To use this script, as the root user, run:

# ./tools/mkdevsitters MY_IP ZK_IPS

For example, if my local IP is 172.21.1.74 and there's a ZooKeeper server at 172.21.1.11, I might run this as root:

# ./tools/mkdevsitters 172.21.1.74 172.21.1.11:2181

This does several things:

  • Creates a directory called "devconfs" in the current directory. "devconfs" will contain the configuration and data for each of the three test peers.
  • Creates three ZFS datasets under zones/$(zonename)/data, called "peer1", "peer2", and "peer3". The mountpoints for these datasets are in "devconfs/datasets".
  • Creates configuration files for the Manatee sitter and Manatee backup server in "devconfs/sitterN". Also creates a template postgres configuration file in the same directory.

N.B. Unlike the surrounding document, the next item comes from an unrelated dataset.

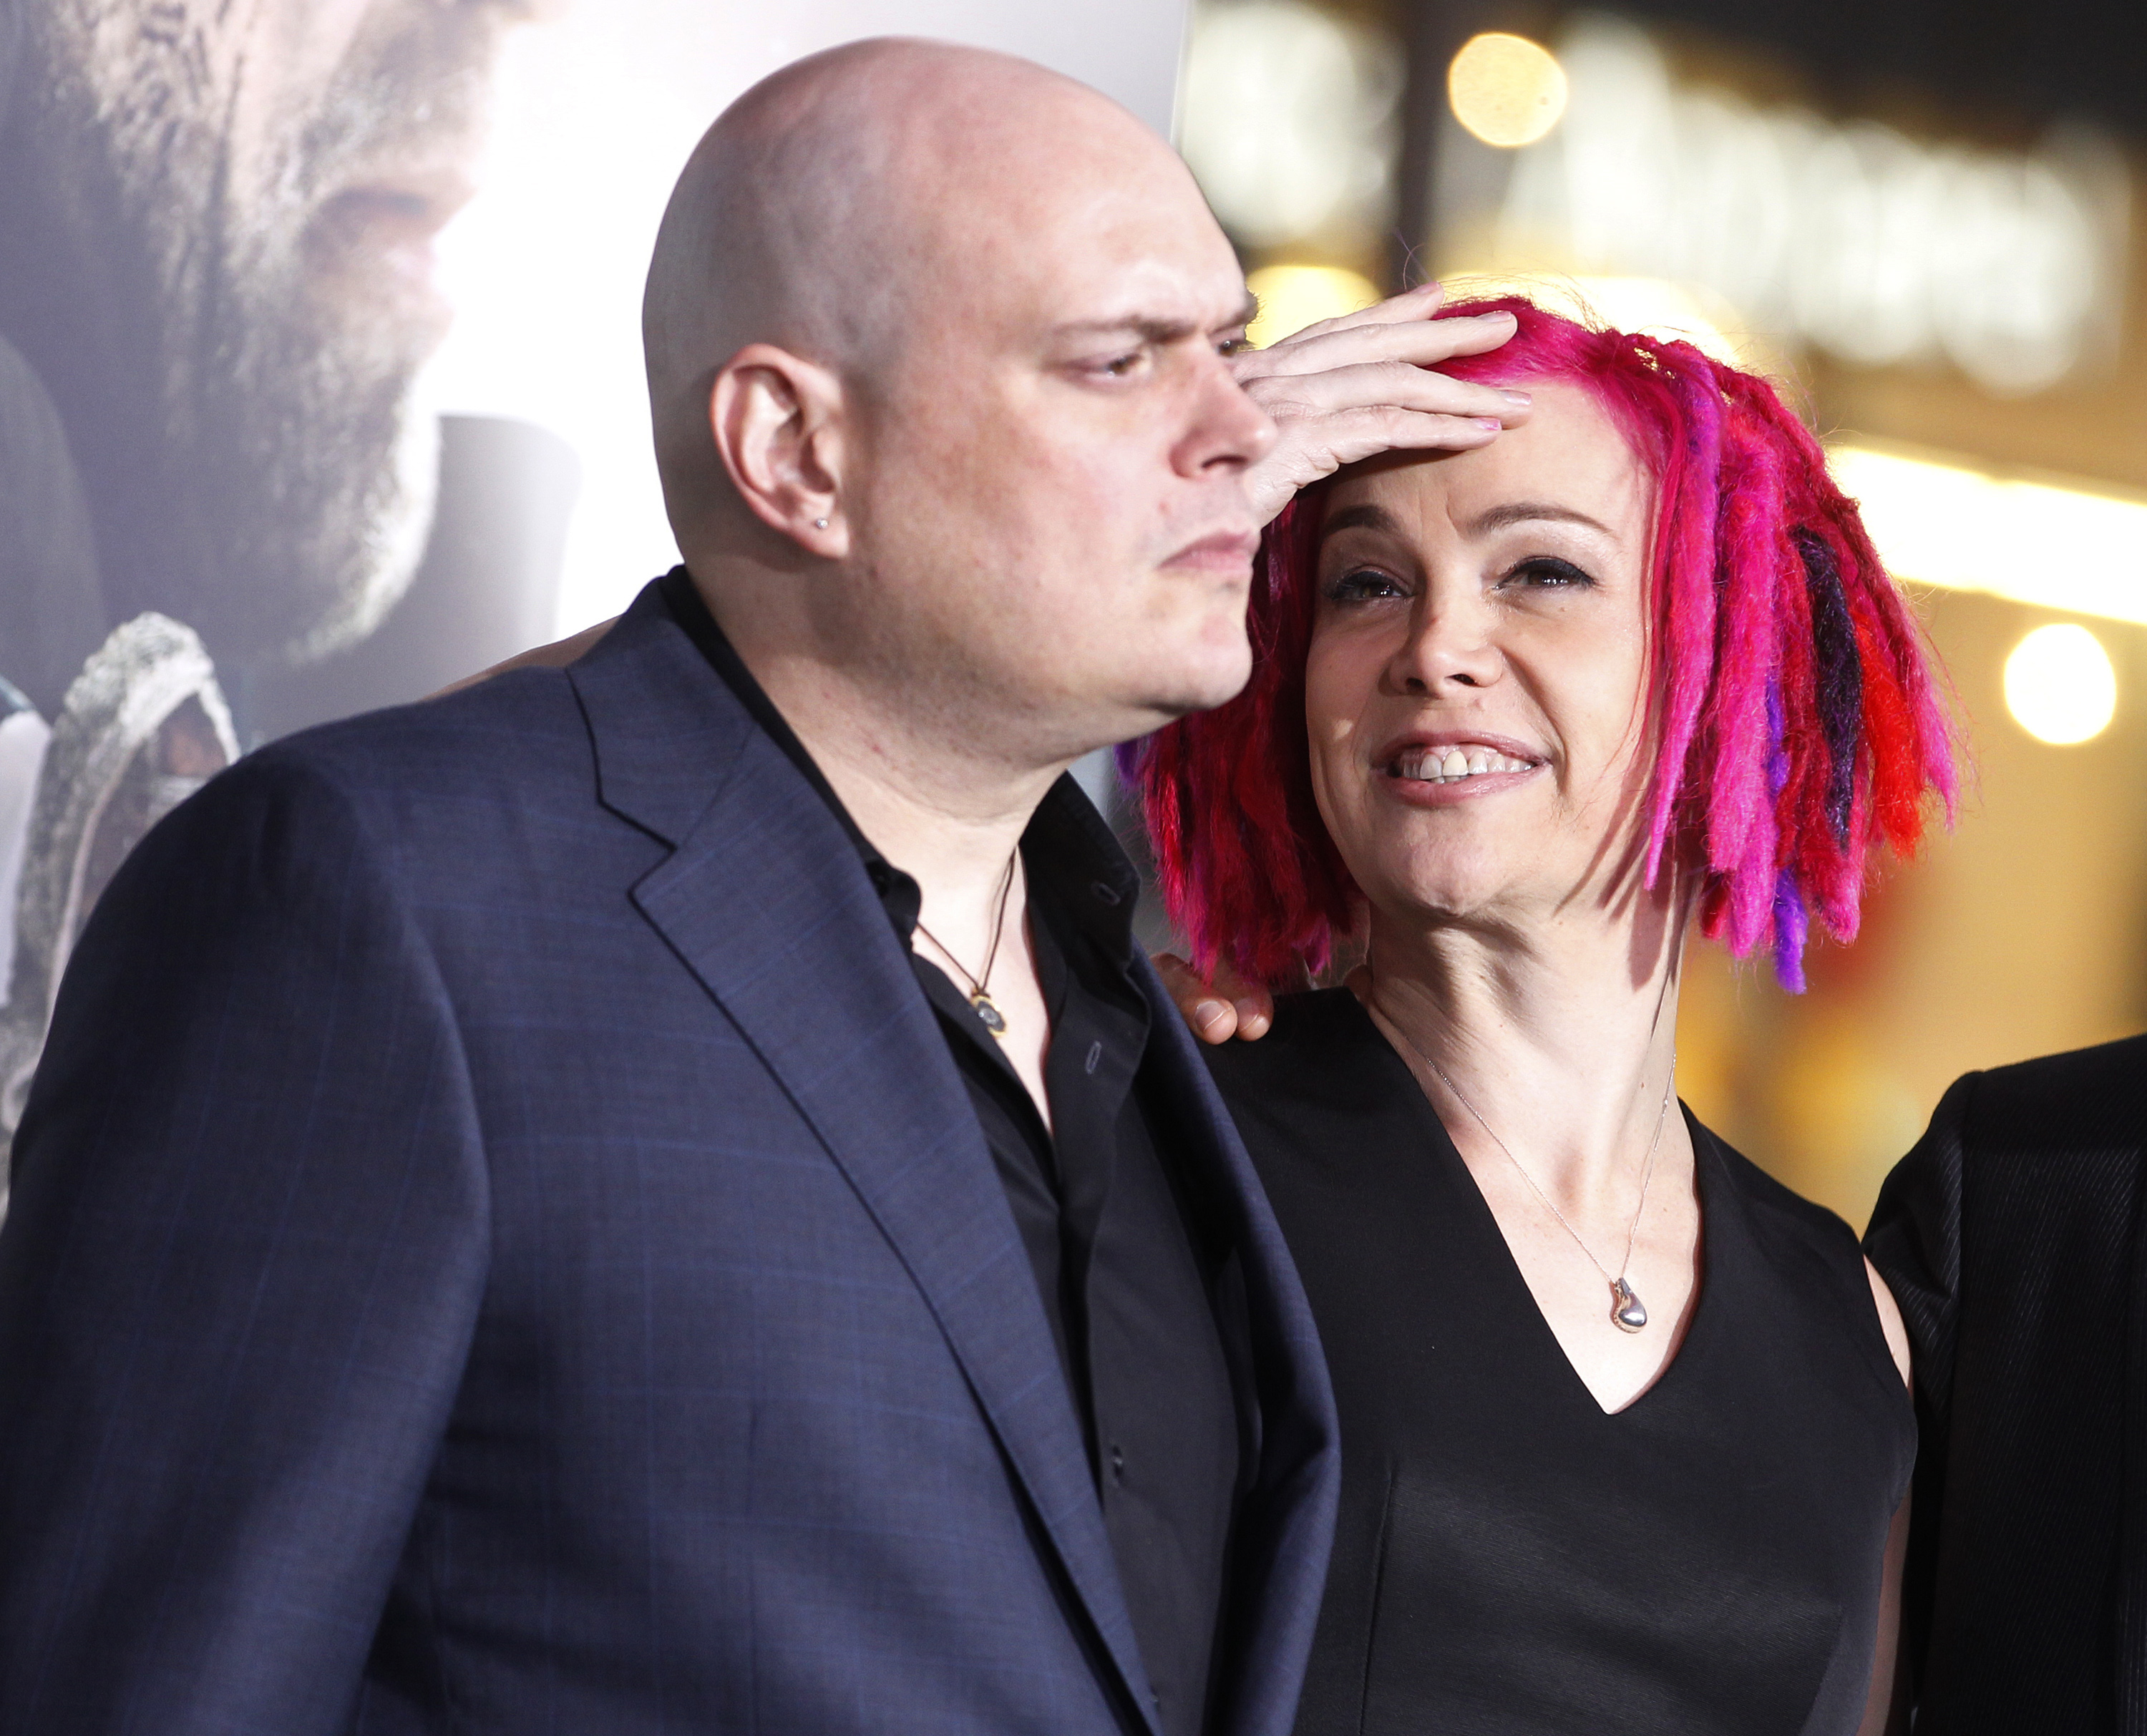 Wachowski's arrive for premiere of new film "Cloud Atlas" in Hollywood
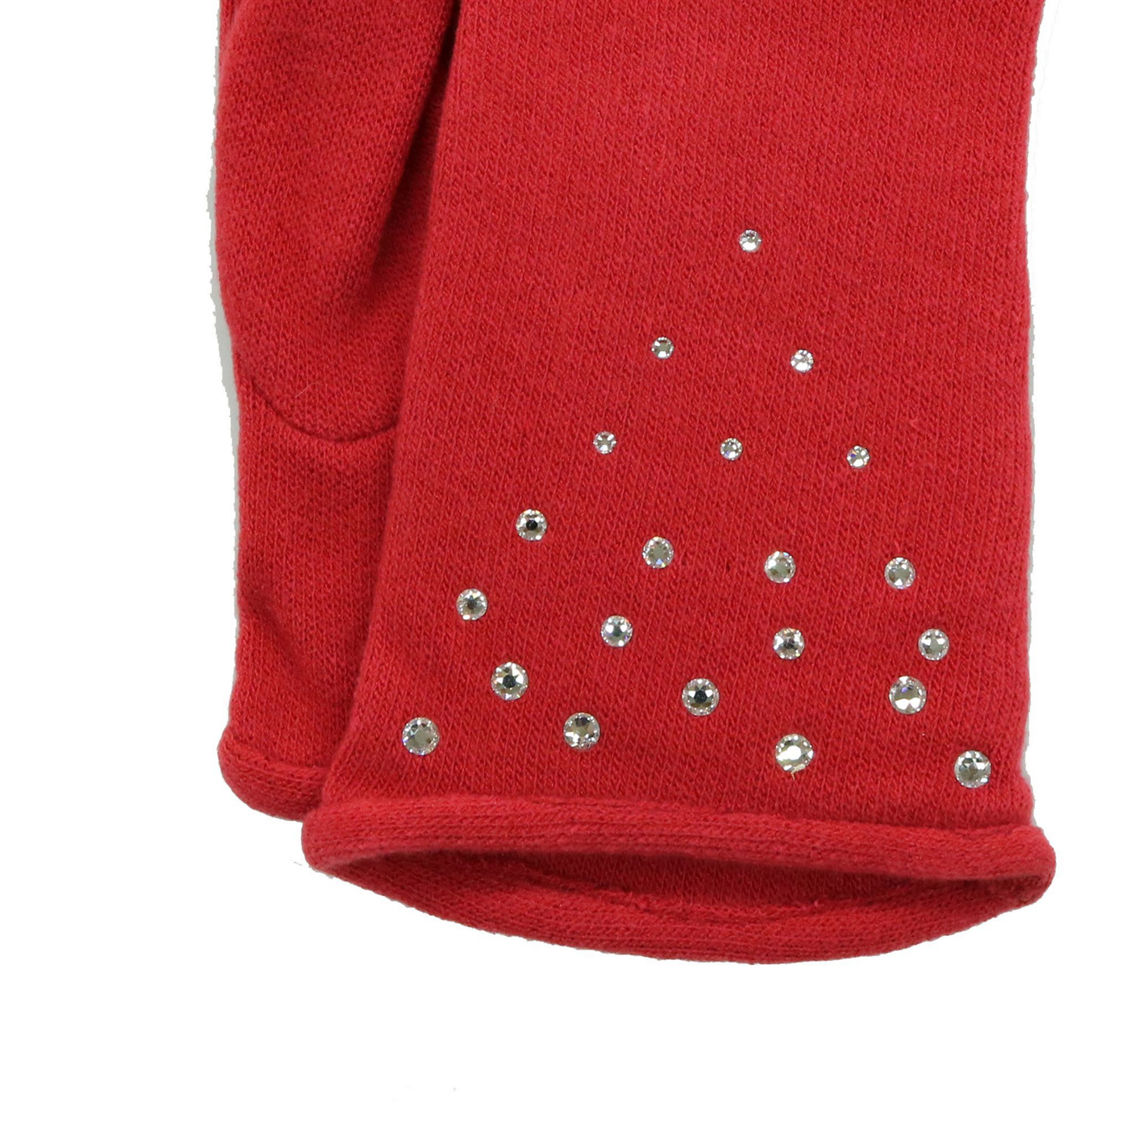 Portolano Gloves with Crystal Stones - Image 2 of 2

The various services associated with each peer (postgres itself, the sitter's status API, the backup server, and so on) are all configured to run on different ports. The first peer runs on the default ports; subsequent peers run on ports numbered 10 more than the previous port. The default postgres port is 5432, so the first peer runs postgres on port 5432, the second peer runs postgres on port 5442, and the third peer runs postgres on port 5452.

Running each peer

There are currently two components to run for each peer: the sitter (which also starts postgres) and the backup server (which is used for bootstrapping replication for new downstream peers). To start the first peer, use:

# node sitter.js -f devconfs/sitter1/sitter.json

You'll probably want to pipe this to bunyan. Be sure to run this as root. To run other peers, replace "sitter1" with "sitter2" or "sitter3".

Similarly, to run the backupserver, use:

# node backupserver.js -f devconfs/sitter1/backupserver.json

There's also a snapshotter, but running that for development is not yet documented.